The Devil's Music
by CaitlinFaith
Summary: Playing guitar took him to a different place. He could pretend he was Tony Iommi or Jimmy Page, or anyone besides a lonely fifteen year old with abusive parents living in an abandoned village. Younger Toki-centric, T for some strong language.


It was nowhere near as good as an electric guitar would've been. Toki Wartooth had decided immediately upon playing the instrument for the first time a few months ago that his ancient, beat-up guitar whose strings could barely stay in tune was much more than any electric guitar in the world. However, he had developed a fondness for the sorry guitar, since an acoustic guitar was better than no guitar at all. After all, playing guitar took him to a different place. He could pretend he was Tony Iommi or Jimmy Page, or anyone besides a lonely fifteen year old with abusive parents living in an abandoned village.

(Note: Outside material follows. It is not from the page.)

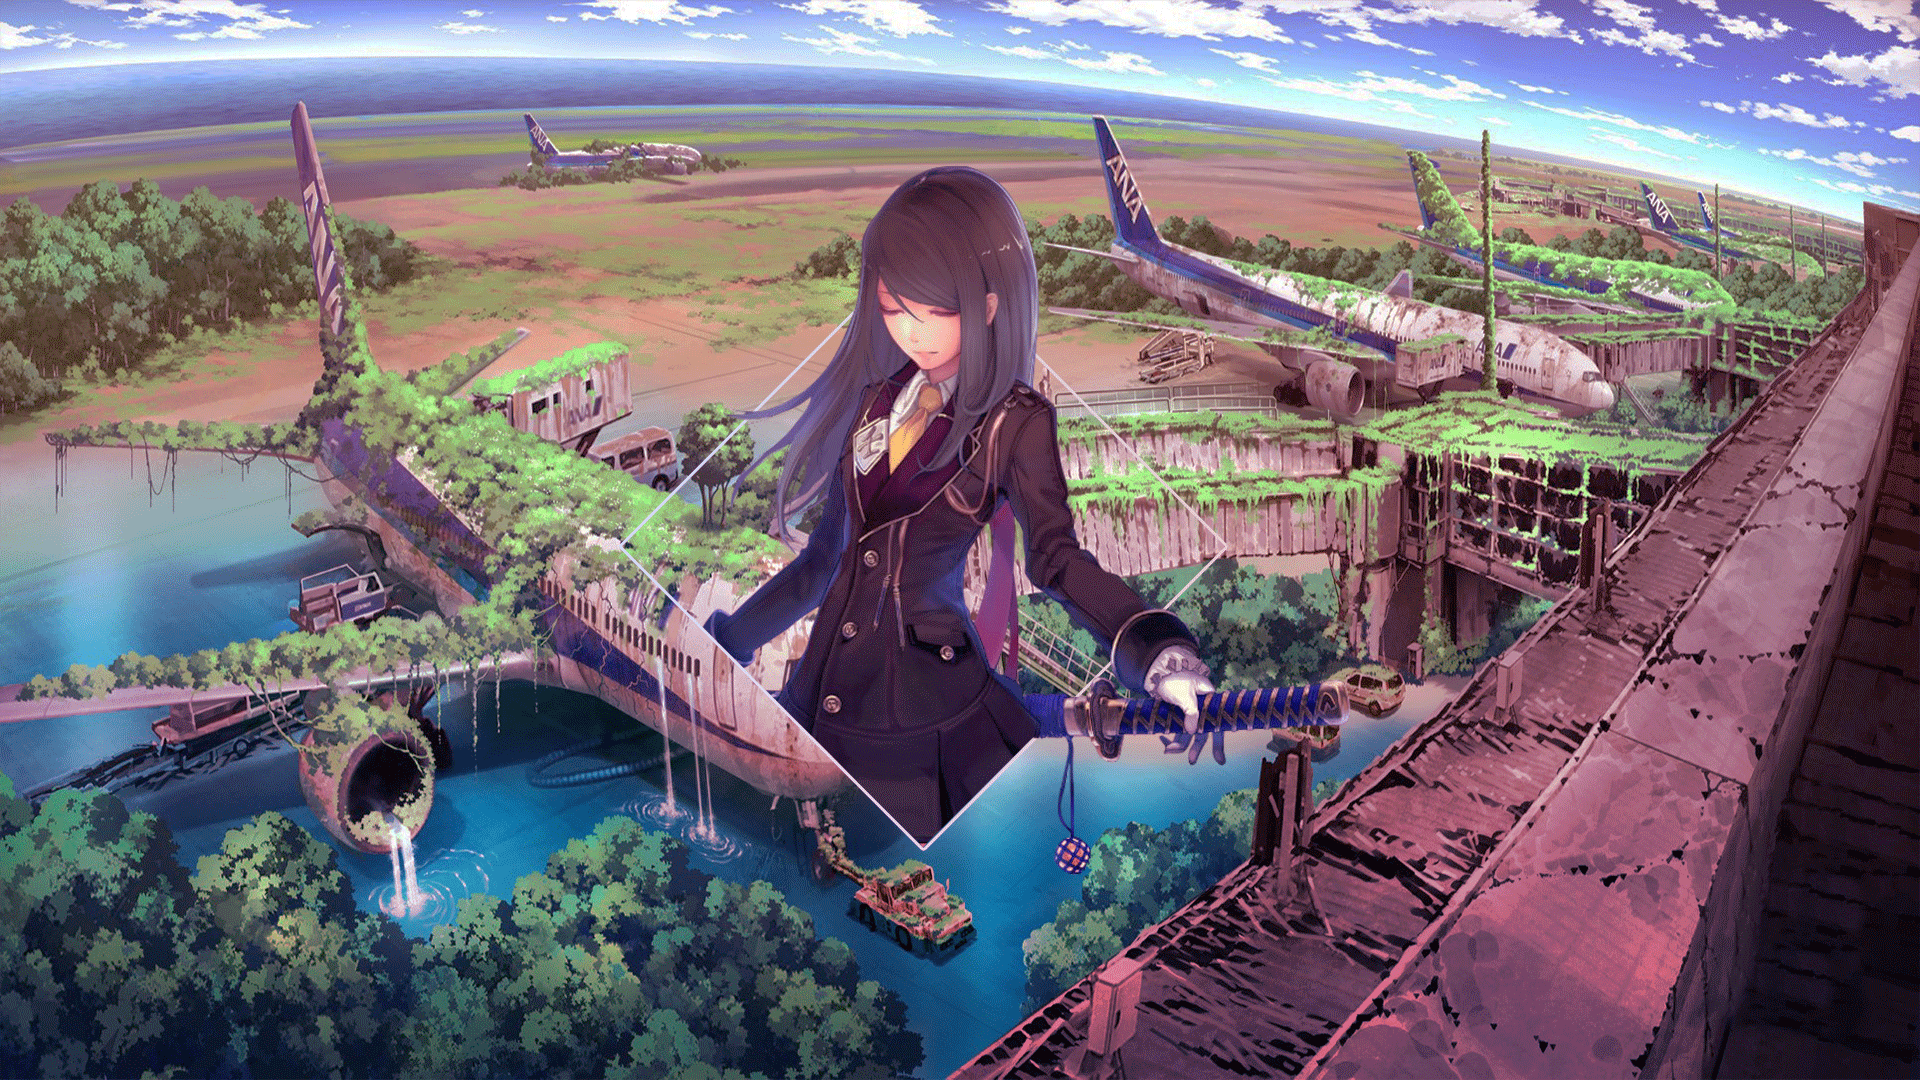 Anime Anime Girls Anime Landscape Katana Airplane Photoshop Digital Art Picture In Picture Piture In 1920x1080

Toki bit his lip and started at his left hand moving across the neck as he played the opening riff of Black Sabbath's "Paranoid." His near-raw fingers plucked the strings as hard as they could, filling the empty house with twangy sound. His parents weren't home and his door hung open.

Toki would have never dared to even touch his guitar if his parents were home. Devout, strict Lutherans, they abhorred the idea of their son listening to any music besides the soft lull of hymns in church, especially heavy metal. Toki shuddered at the thought of what they would do to him if they found out about him playing metal on his guitar.

The burnette furrowed his brow and bit harder on his lip as the incident last week flashed through his mind. He had been sitting in the chair in the corner of him room, staring out at the snow outside his window with an open Bible sitting in his hands. He wasn't sure if he believed in what the book said, but he had been hearing the words it contained innumerable times over the years, and they held a sort of comfort for him.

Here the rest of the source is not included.